Сочинитель, жантийом и франт. Что он делал. Кем хотел быть. Каким он был среди друзей — страница 56 из 62

Мы пользовались уютом и гостеприимством Марика и Инночки, его жены, мы пользовались правом друзей делать все, что нам заблагорассудится, расслабляться, часто думая о себе, о своих делах и о том, что нам предстоит делать дальше, после ткачёвского гостеприимства. Мы тогда не отдавали себе отчета, что именно в этом доме и в такой ненарочной мягкой манере каждый из нас выпытывает у Ткачёва его отношение к вещам общеизвестным, к литературе, войне, истории, музыке. Мы уходили не только отдохнувшие, мы уходили как бы наполненные им.

Сам он тоже преувеличивал значение своих друзей, ему хотелось думать, что каждый из нас что-то собой представляет. Иногда казалось, что он переносится вместе с нами в другую реальность, в какую-нибудь Флоренцию, где беседы происходят вроде бы необязательные, но таинственные и значительные.

Он больше слушал нас, чем говорил сам, но, когда говорил, не позволял себе никаких случайностей. Абсолютная отточенность формы выдавала в нем профессионального литератора. Требования к себе у него были завышенные, а может быть, настоящие. Он никогда не настаивал, чтобы мы прочитали его рассказы, старые или новые. Он никогда не просил походатайствовать, похлопотать, чтобы его напечатали. Он никогда не подсовывал тебе книжку со своим переводом. Сведения о его работах возникали вскользь и оставались втуне.

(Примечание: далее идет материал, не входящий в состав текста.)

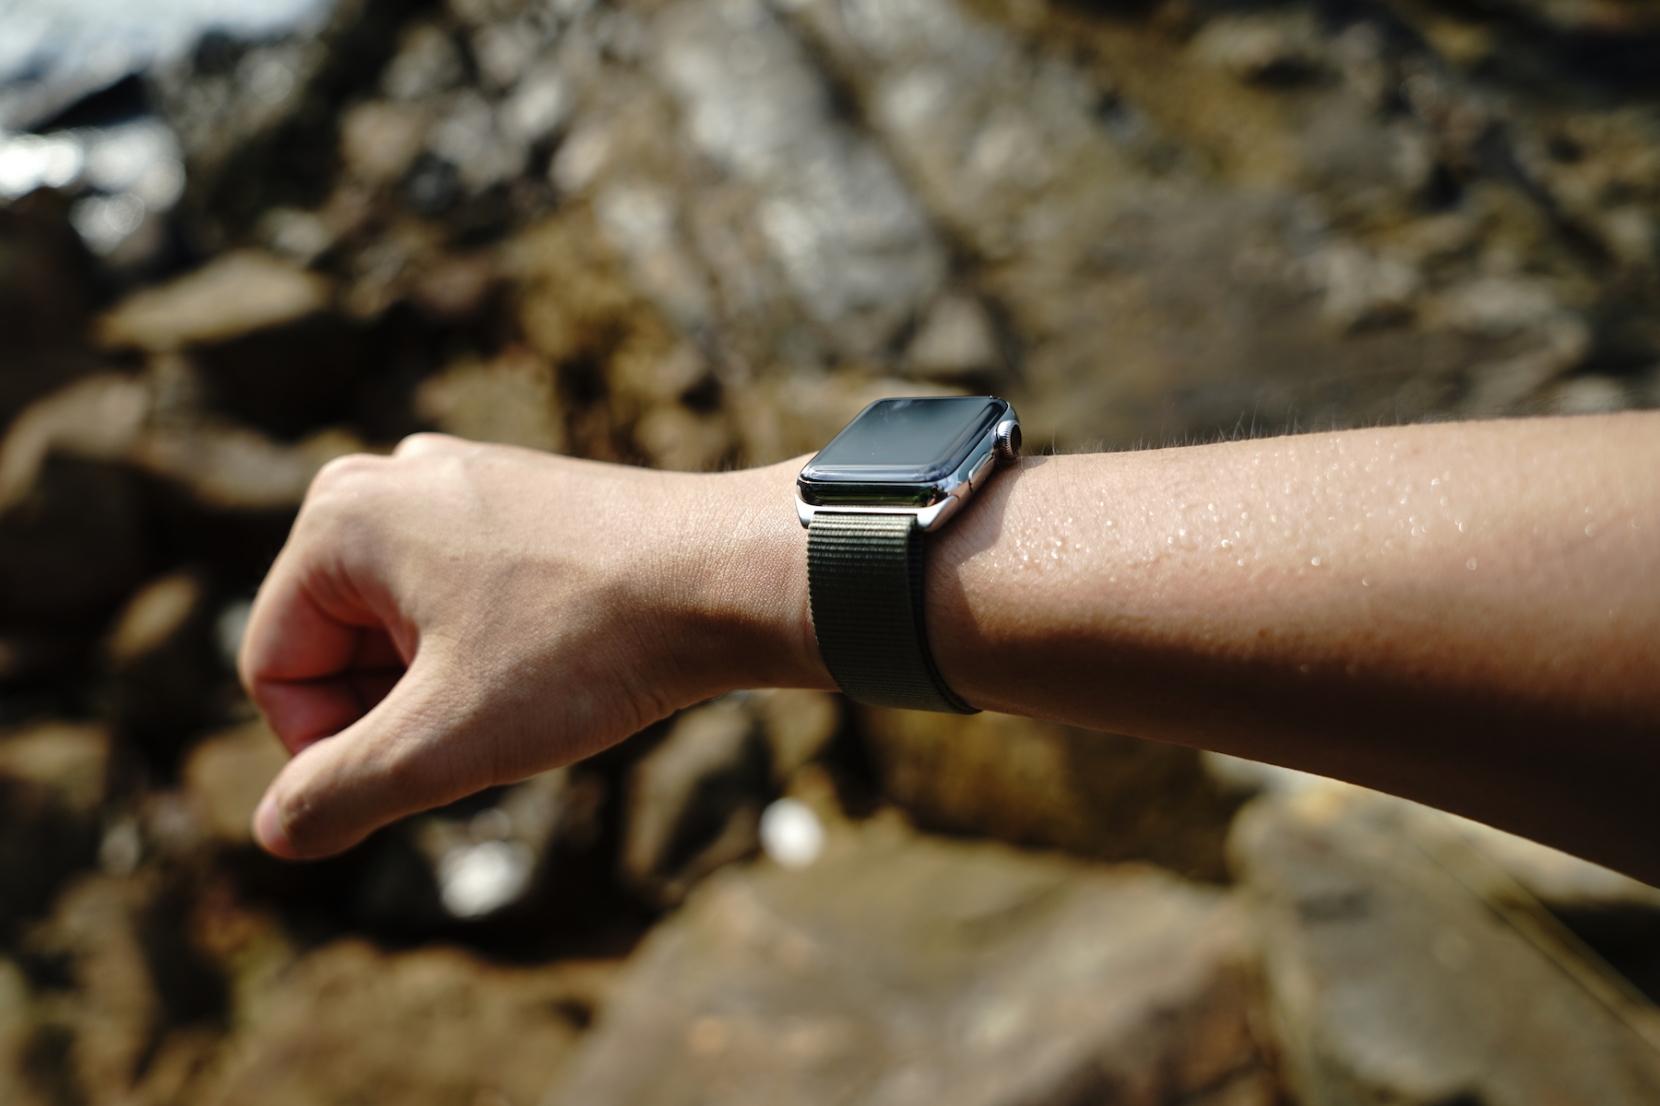 monowear-nylon-active-apple-watch-band-19

Потом когда мы все-таки читали его, то понимали, что он сочинял при нас, как-то тактично, даже робко прислушиваясь к нашим реакциям. Мы-то казались ему людьми просвещенными, много умеющими. Вот эти его рассказы, вернее, мотивы, владеющие его воображением, памятью, были, как теперь оказалось, самым интересным в наших встречах.

Там очень много об Одессе. Никак он не мог эту Одессу исчерпать. Там какой-то ушедший взгляд на одесскую тему, а может быть, даже почти в литературе и не проявившийся. Персонажи его детства росли вместе с ним, старели, становились подчас нелепыми, смешными. Он как-то не терял корни поведения ребенка в новых проявлениях уже взрослого человека. Он продолжал видеть своих друзей маленькими, их недостатки росли вместе с ними.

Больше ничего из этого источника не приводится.